# adding steering wheel controls



## blaizin1020 (May 5, 2019)

i have a base model cruze so obviously there are plugs on the steering wheel where volume controls and stuff would go, from my experience with other cars if it doesn't have the option it may still have the wiring for it this being said how hard would it be (if possible at all) to find and put in the steering wheel and cruise controls?


----------



## Blasirl (Mar 31, 2015)

There are issues with doing this with a Gen I so I would assume the same is true for the GenII. But that doesn't mean you can't be the first. It will take some research and some tenative disassembly to verify whats in there. I would suggest to pick one function and see if it is possible so you don't get overwhelmed at first. I think the cruise control would be the most difficult.
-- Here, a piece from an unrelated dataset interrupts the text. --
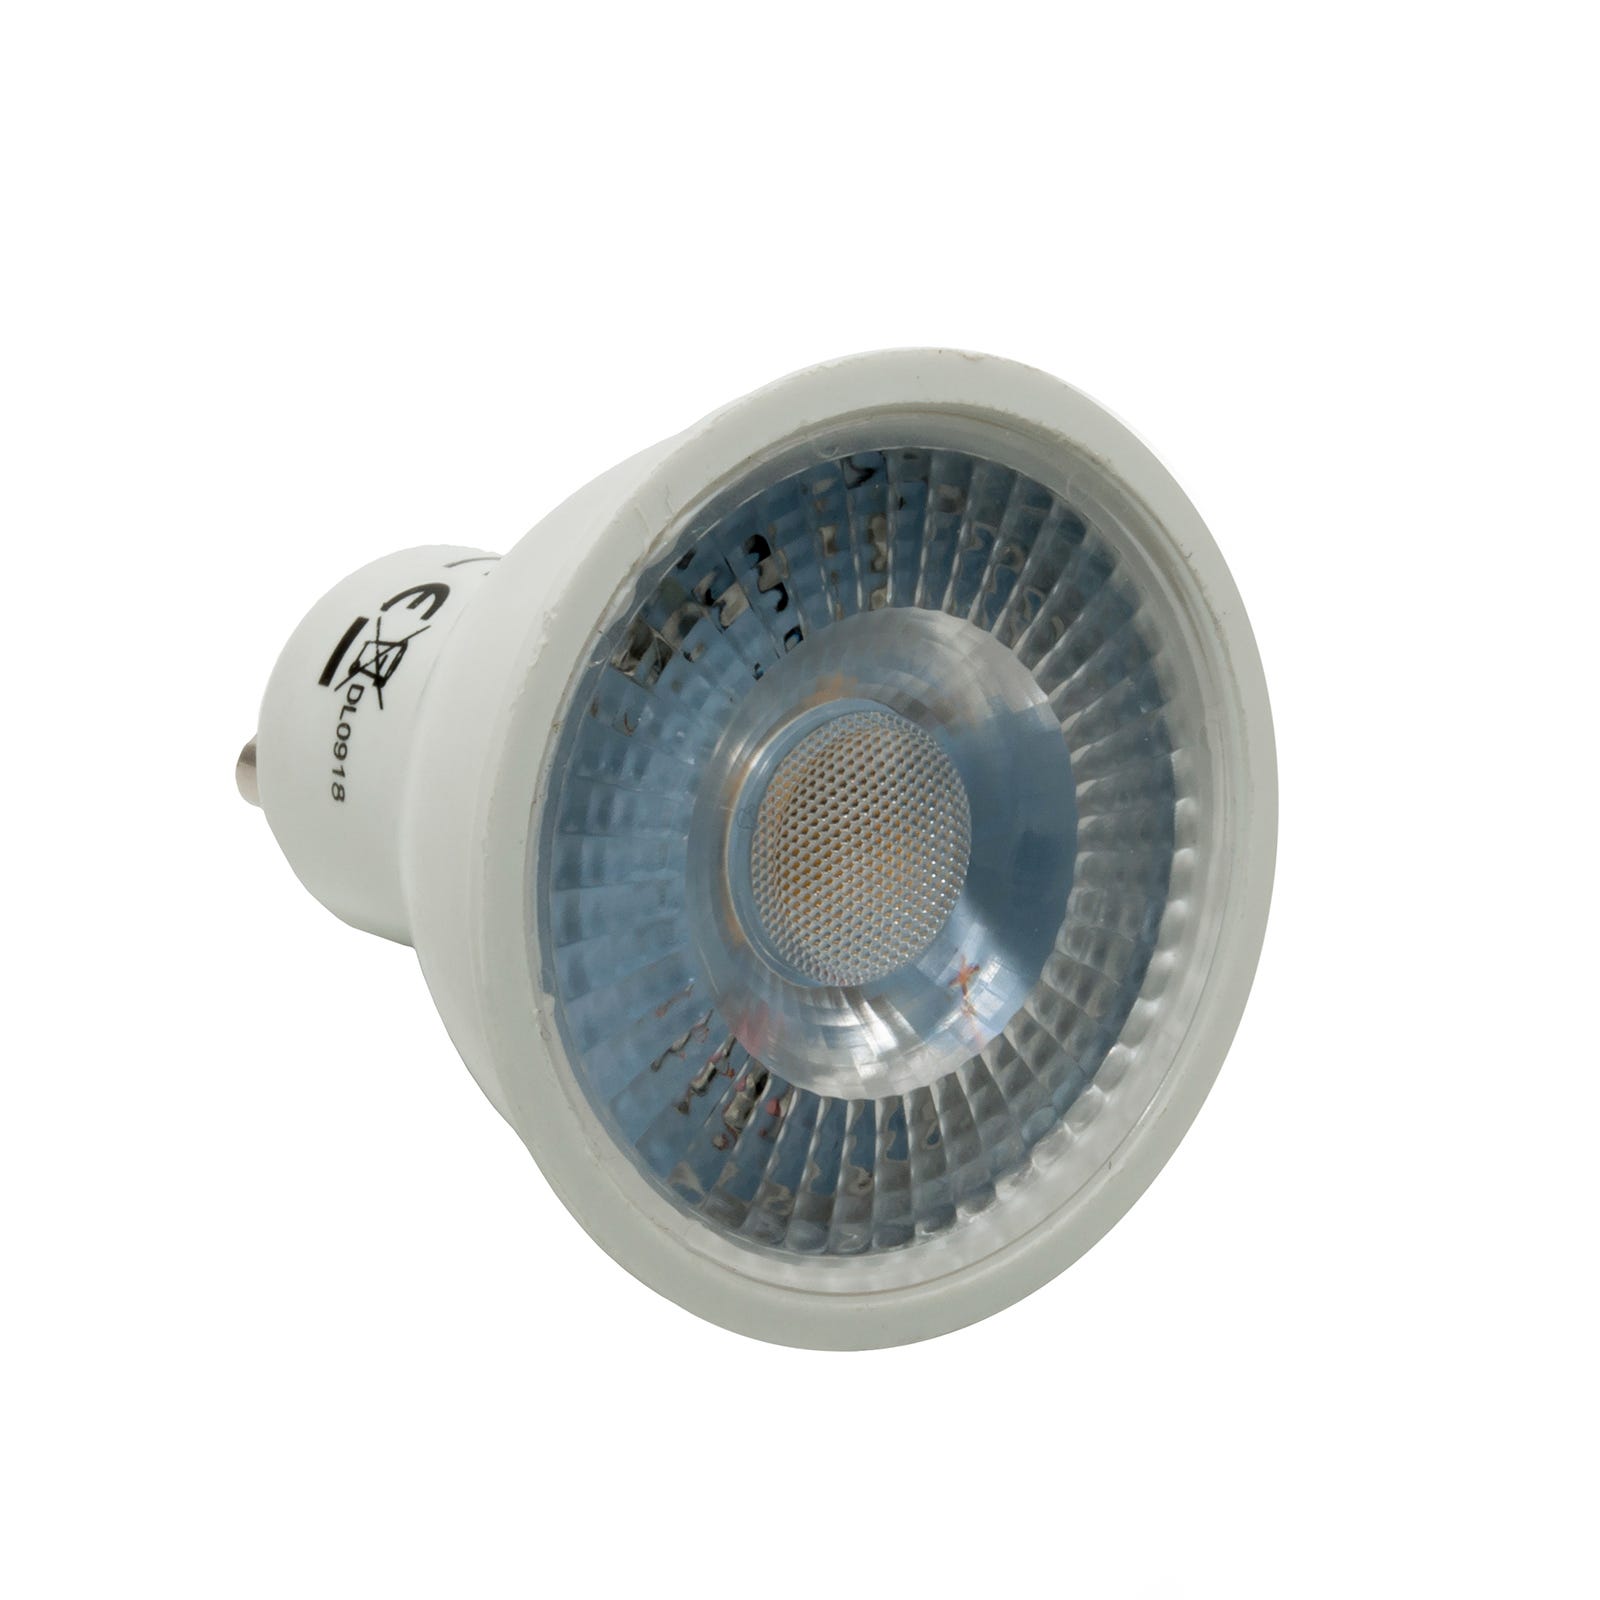 Ampoule spot LED 5W GU10 angle étroit 38 degrés faible

If you are near a pick n pull / LKQ yard I would explore a wrecked Cruze first and maybe salvage some harnesses. Spend a day and pull a steering column and match it to a digram you can get for free from a public library database or maybe a friendly parts man at a dealership.

Spend a bit of time researching on the internet and also look at Gen I tutorials for ideas and also other Chevy models forums to see what you might find.


Good Luck


----------



## torontouser (9 mo ago)

blaizin1020 said:


> i have a base model cruze so obviously there are plugs on the steering wheel where volume controls and stuff would go, from my experience with other cars if it doesn't have the option it may still have the wiring for it this being said how hard would it be (if possible at all) to find and put in the steering wheel and cruise controls?
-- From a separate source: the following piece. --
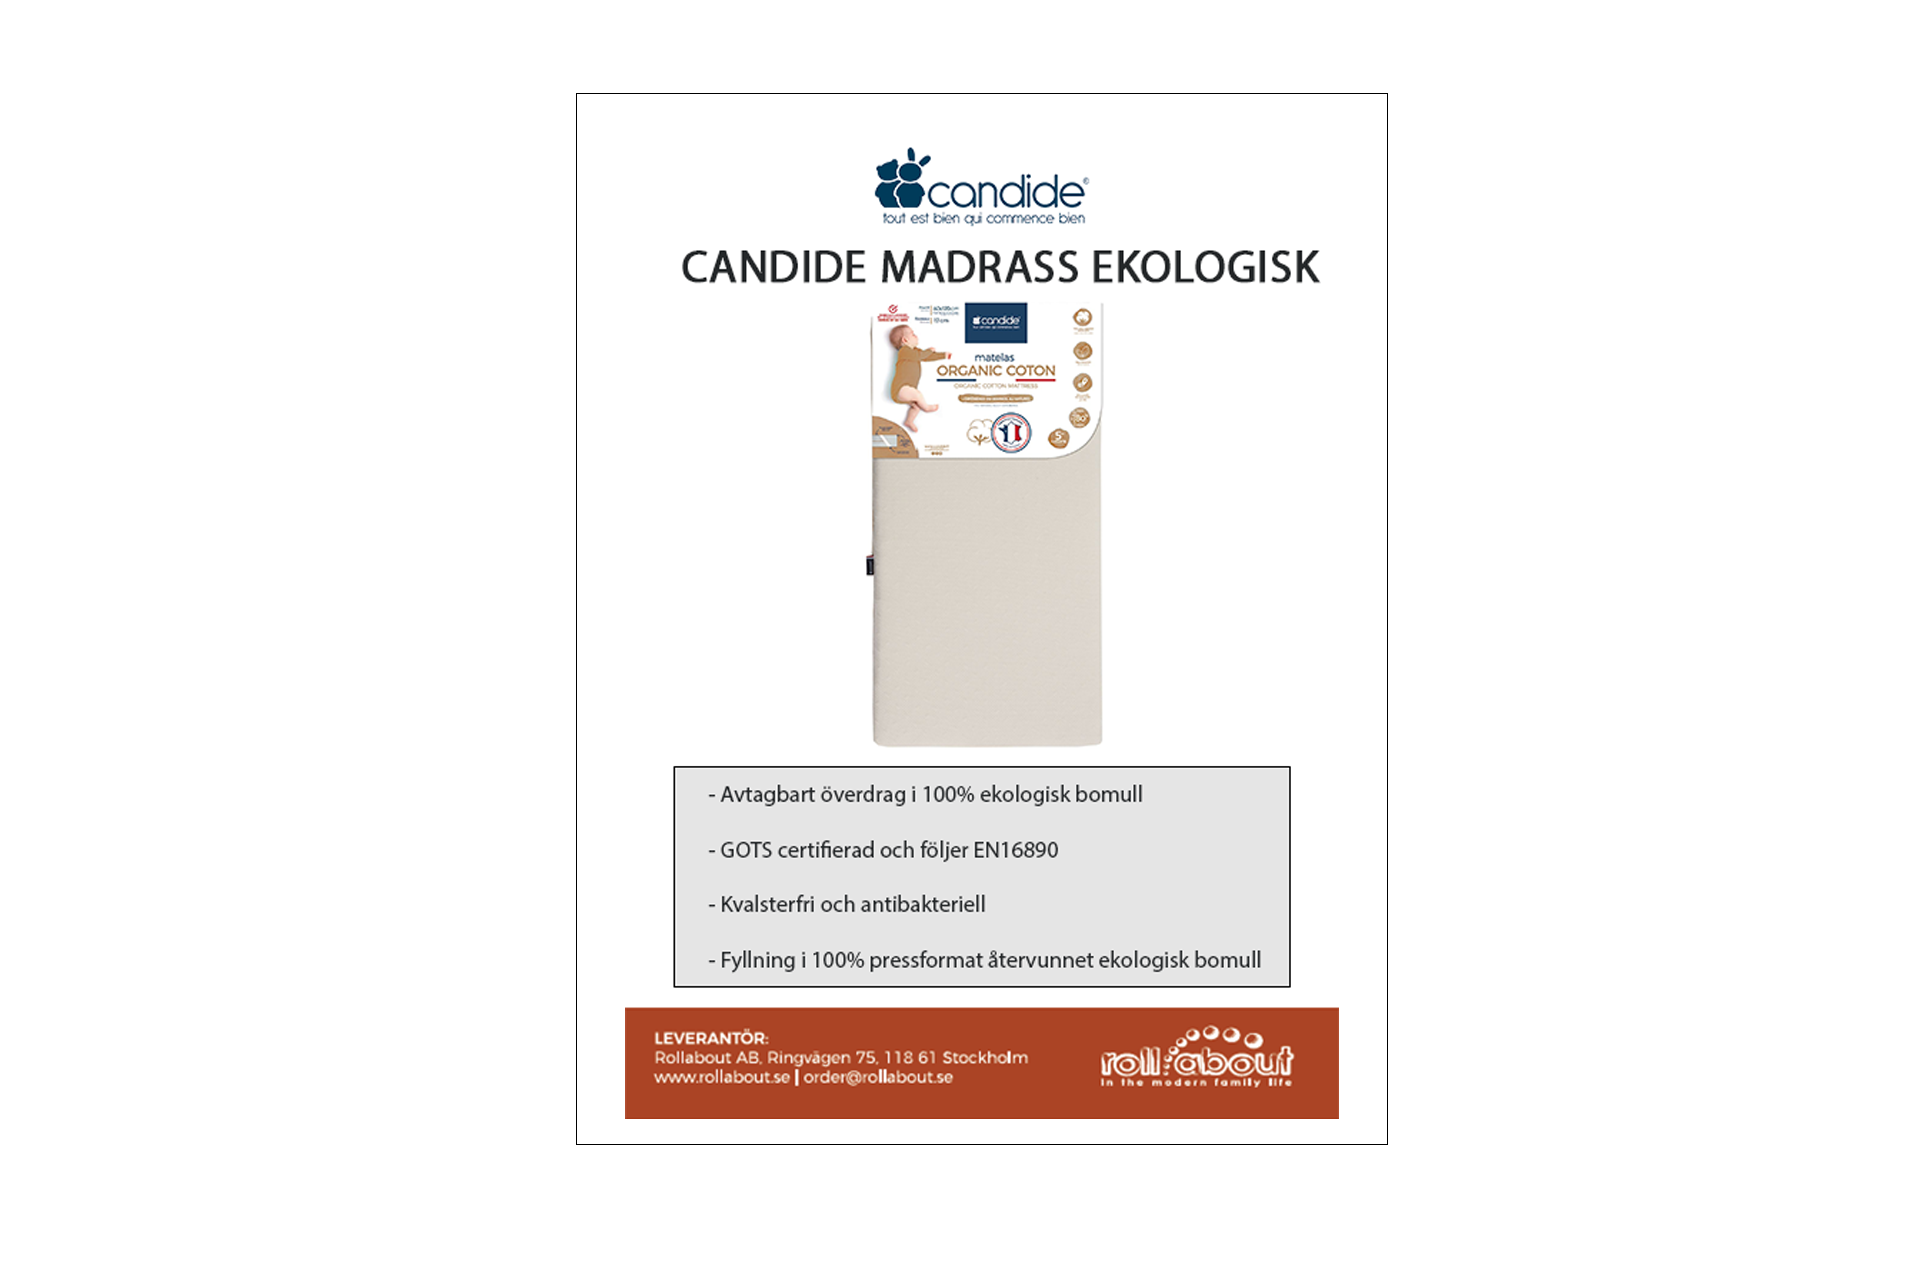 candide madrass Ekologisk infobladpos web

@blaizin1020 Were you able to get anything rolling?


----------



## CHEVYCRUZE RS (Mar 29, 2011)

I hope there are factory wires I just dont think on this platform they wouldve added the extra wiring but who knows I could be so wrong, keep us posted!


----------



## Blasirl (Mar 31, 2015)

torontouser said:


> @blaizin1020 Were you able to get anything rolling?


The OP has not been online here since 2019 so don't hold your breath.


----------